Speaking of Mr. Masnick, he live tweeted that his blood pressure was being elevated by the hearing because, as usual, “Congress doesn’t get the internet.” This is a familiar cheap shot available to anybody with an axe to grind.  One can start the sentence “Congress doesn’t get _______” and find any citizen or group to fill in that blank with their personal gripe du jour.  Of course it was very clear that certain lawmakers, including Hon. Collins, Hon. Chu, and Hon. Goodlatte, that Congress is not at all willing to automatically swallow unsubstantiated, academic theory as the sole basis for rewriting a legal system that has made the United States a leader in the professional production of creative and cultural works for more than two centuries. And had there been any creators asked to testify, they would have clearly demonstrated that academics like Professor Samuelson don’t know the first thing about the production of creative works or the nature of protecting them.  Somehow, all this translates into the failure of congress to understand the internet, but maybe it’s not that so much as some of the ideas being presented are kinda dumb and transparently self-serving.

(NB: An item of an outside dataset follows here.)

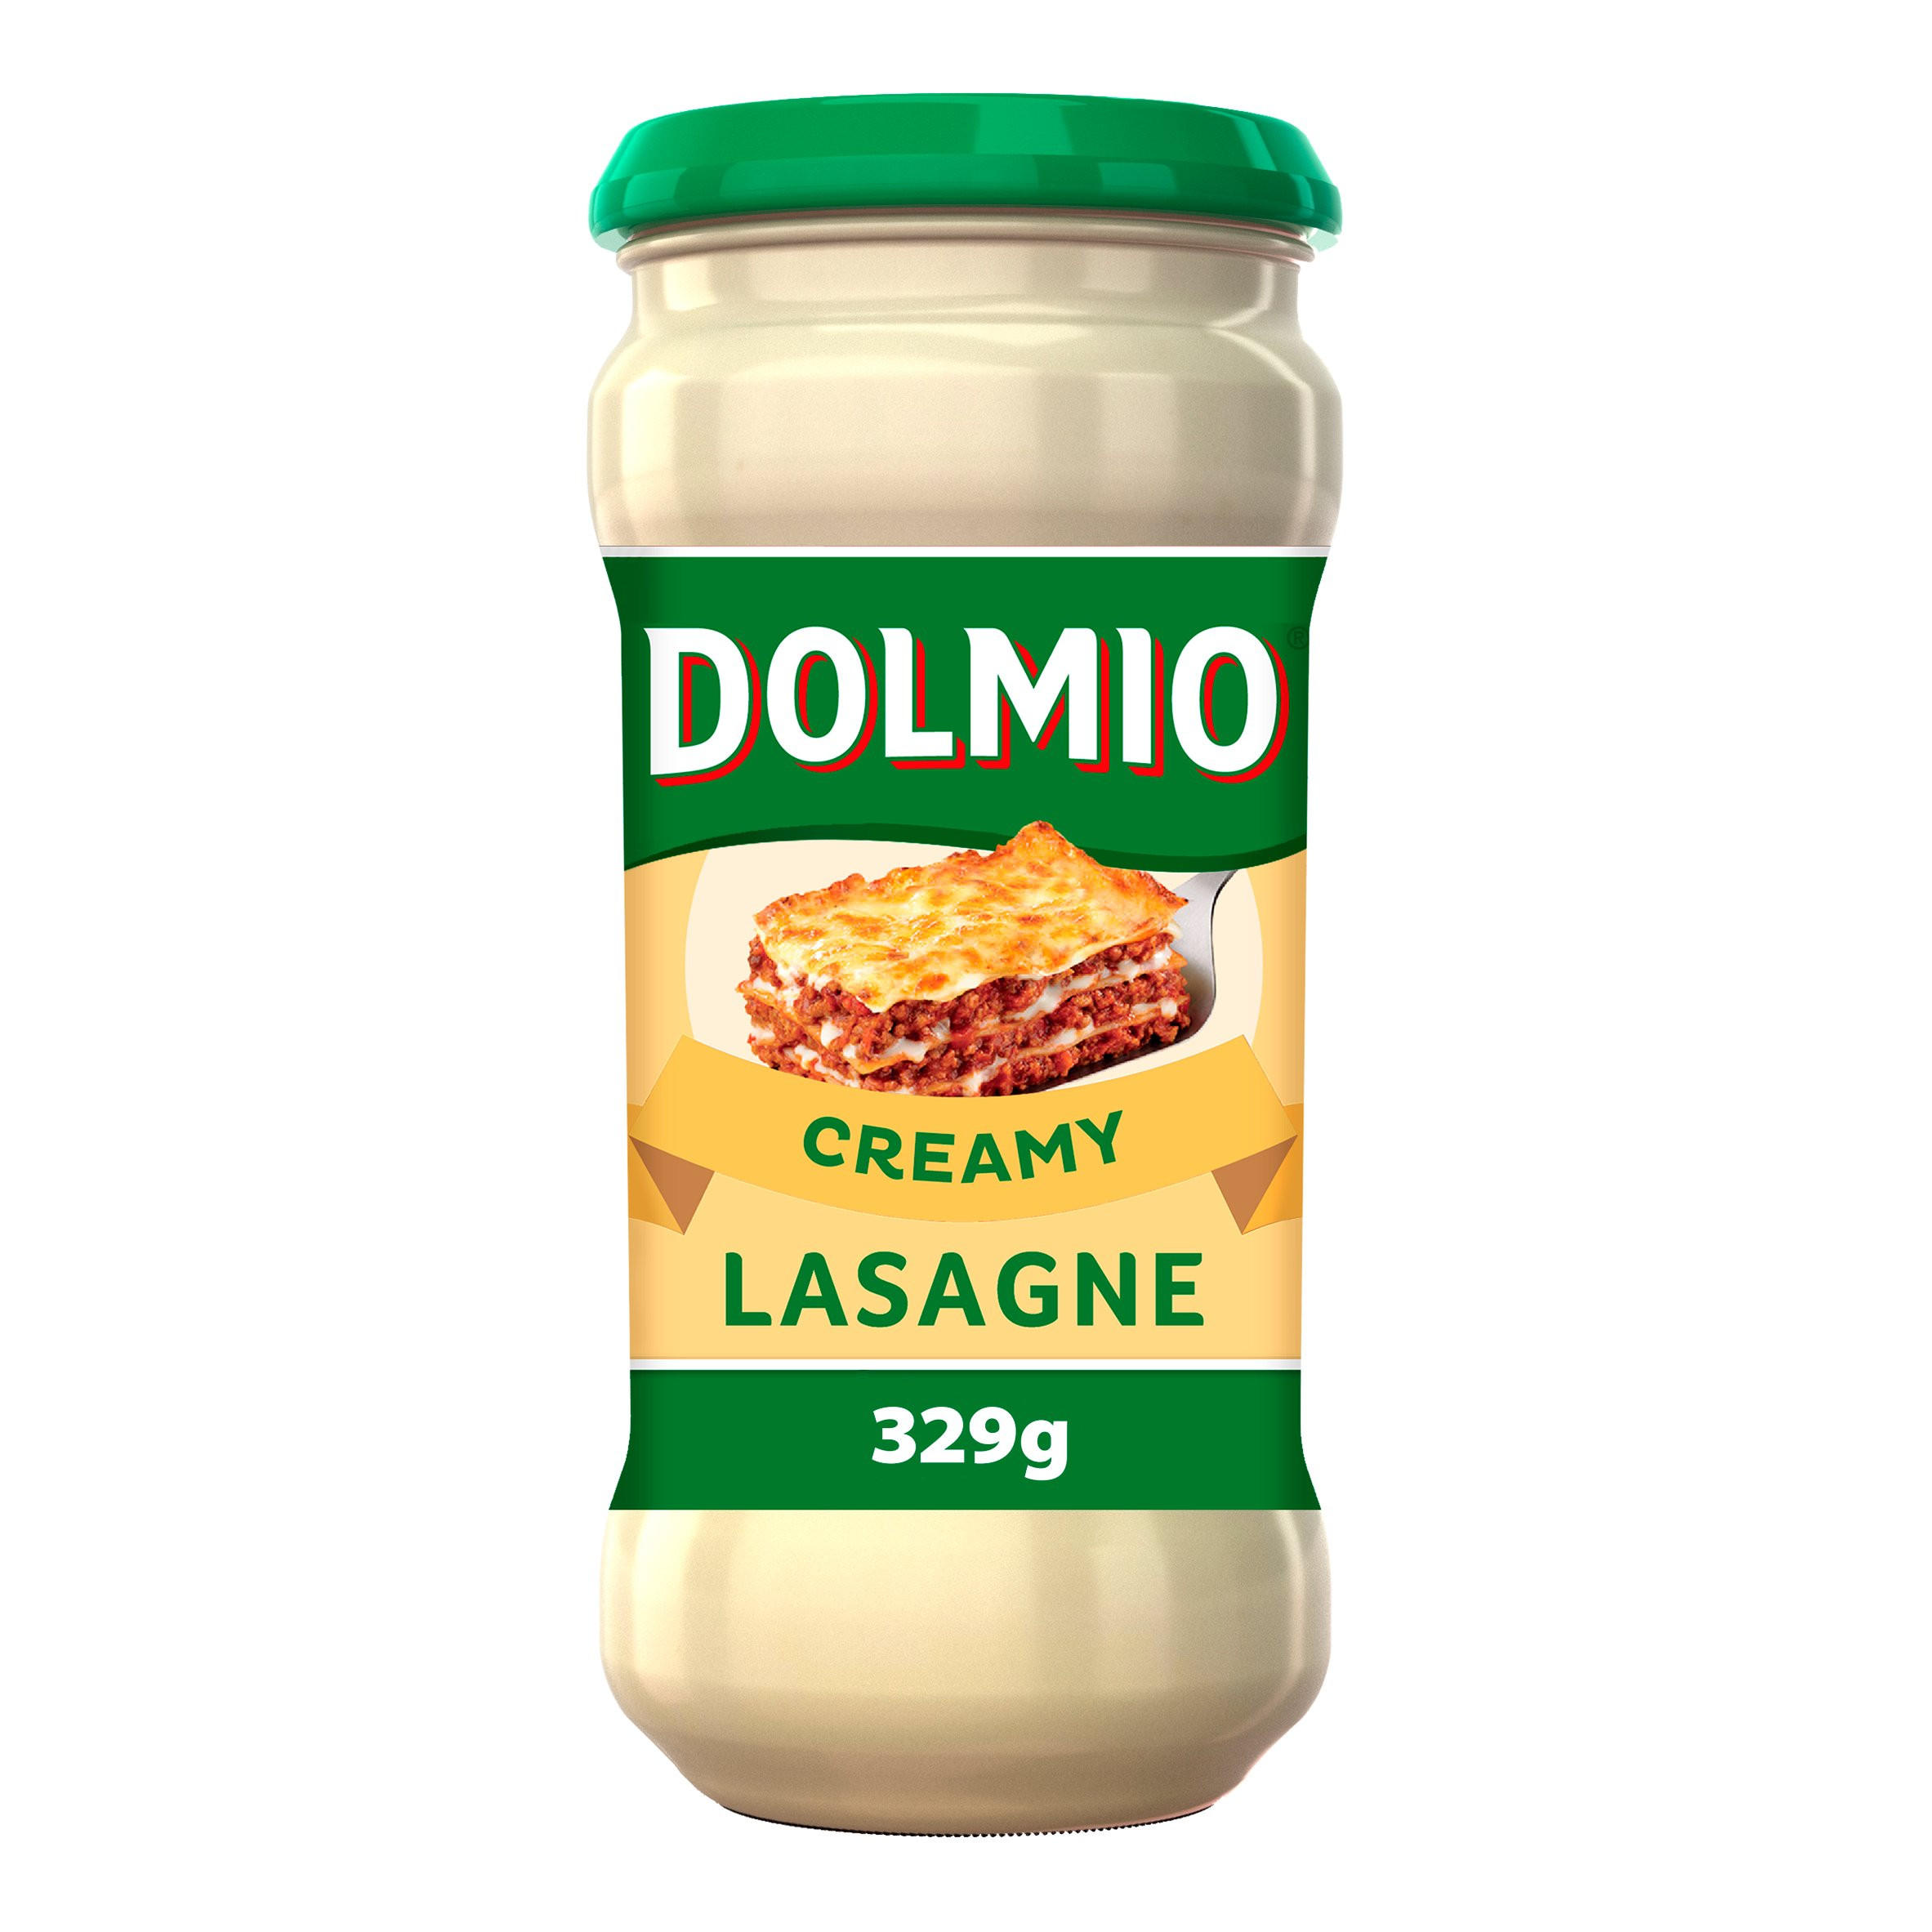 Dolmio Lasagne Creamy White Sauce 329g | Pasta Sauces | Iceland Foods

On that last point, as more hearings like this one are convened in what will surely be a years-long process toward some kind of reform, we should not forget who the monied interests are that have the most to gain from weaker copyright laws.  The premise most often asserted in the name of “consensus” is that we cannot allow supposedly outdated legal systems to stand in the way of innovations that benefit society.  Again, this is a perfectly reasonable sounding position, but there should not be a lawmaker of any party who does not include economic growth in his or her definition of innovation, and this recent article in The Daily Beast should serve as a caution in light of the fact that intellectual property supported jobs still number in the tens of millions.  As the article’s author Joel Kotkin points out, “Today’s tech moguls don’t employ many Americans, they don’t pay very much in taxes or tend to share much of their wealth, and they live in a separate world that few of us could ever hope to enter. But while spending millions bending the political process to pad their bottom lines, they’ve remained far more popular than past plutocrats, with 72 percent of Americans expressing positive feelings for the industry, compared to 30 percent for banking and 20 percent for oil and gas.”

Copyright may be a little hard to understand, and some members of congress might not “get” the internet, but it doesn’t take a law degree or expertise in code writing to know what a contemporary Robber Baron looks like, does it?